START Source material

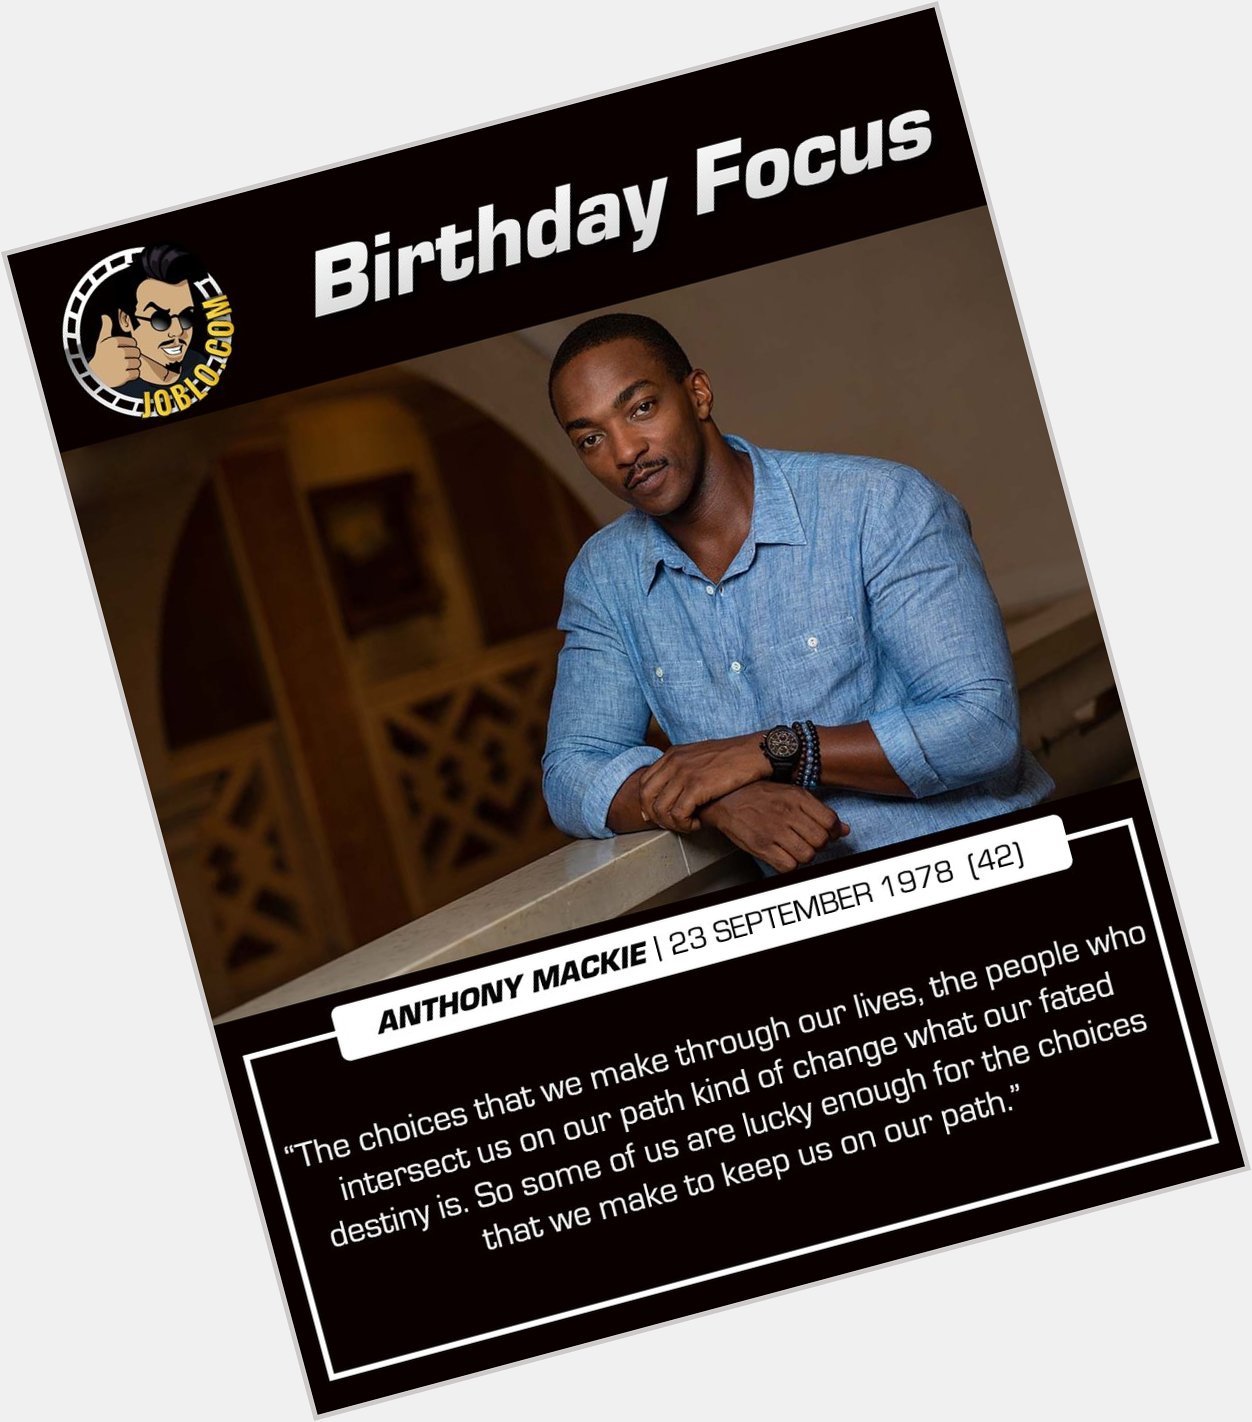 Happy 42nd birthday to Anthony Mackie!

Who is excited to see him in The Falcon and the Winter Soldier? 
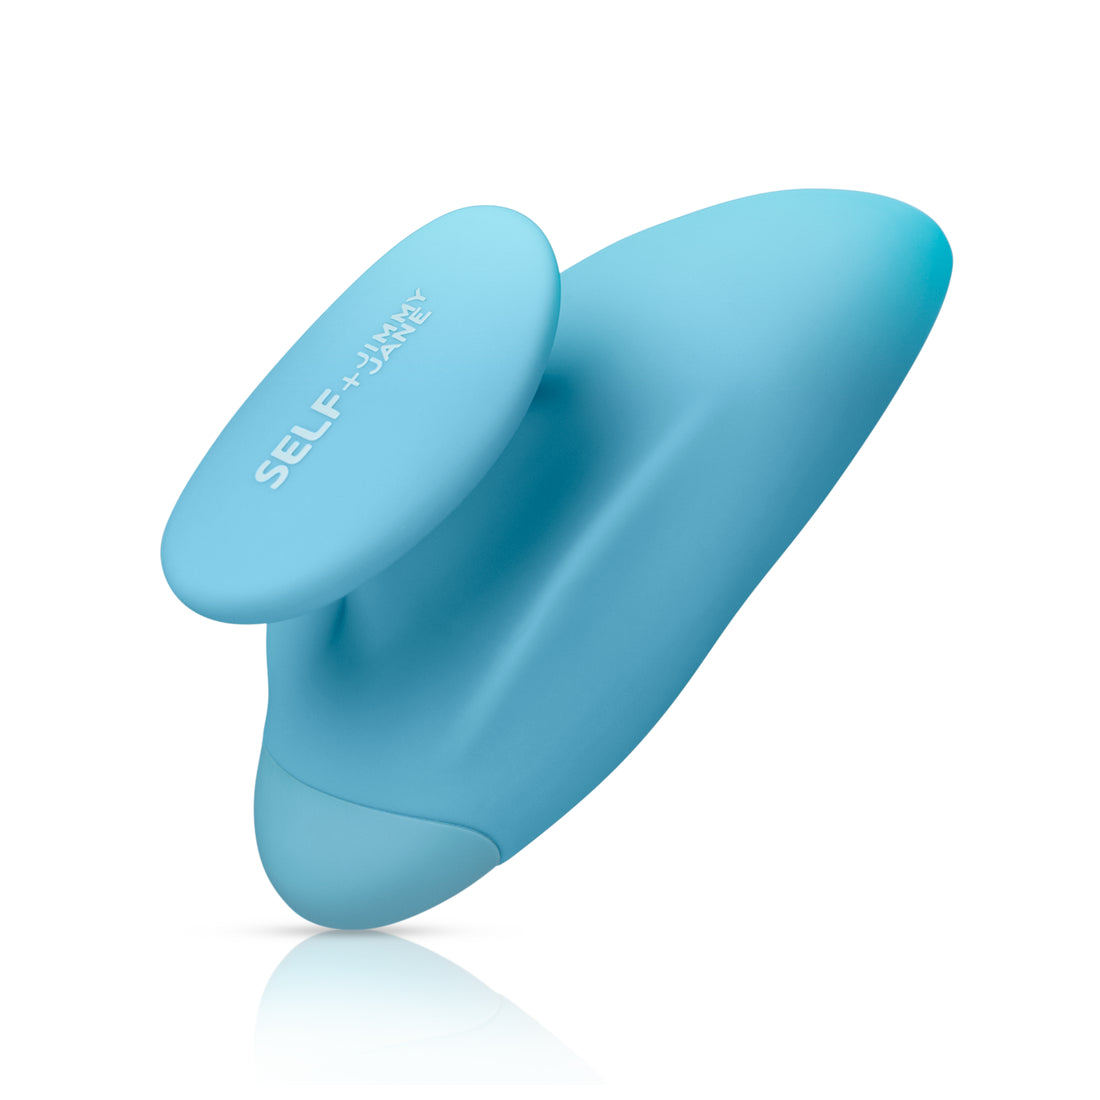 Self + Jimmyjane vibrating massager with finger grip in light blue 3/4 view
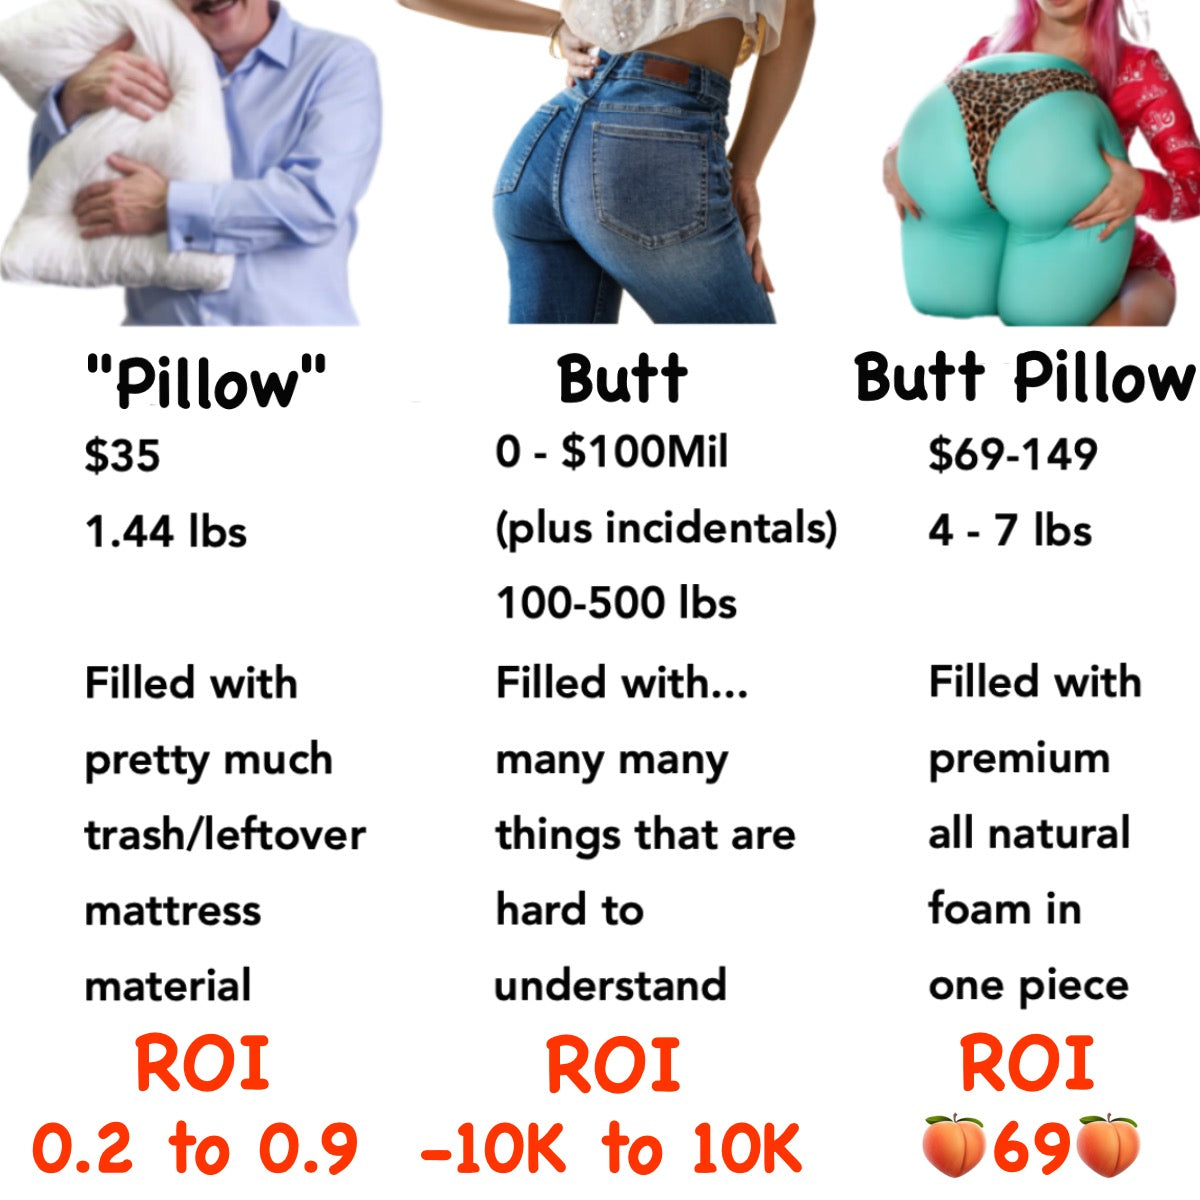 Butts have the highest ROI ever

END Source material

● **Exercise**: Every line from the one containing "Who is excited" through the end of the listing is to be copied exactly; the pictures are not.

● **Answer below**:
Who is excited to see him in The Falcon and the Winter Soldier? 
 Self + Jimmyjane vibrating massager with finger grip in light blue 3/4 view
 Butts have the highest ROI ever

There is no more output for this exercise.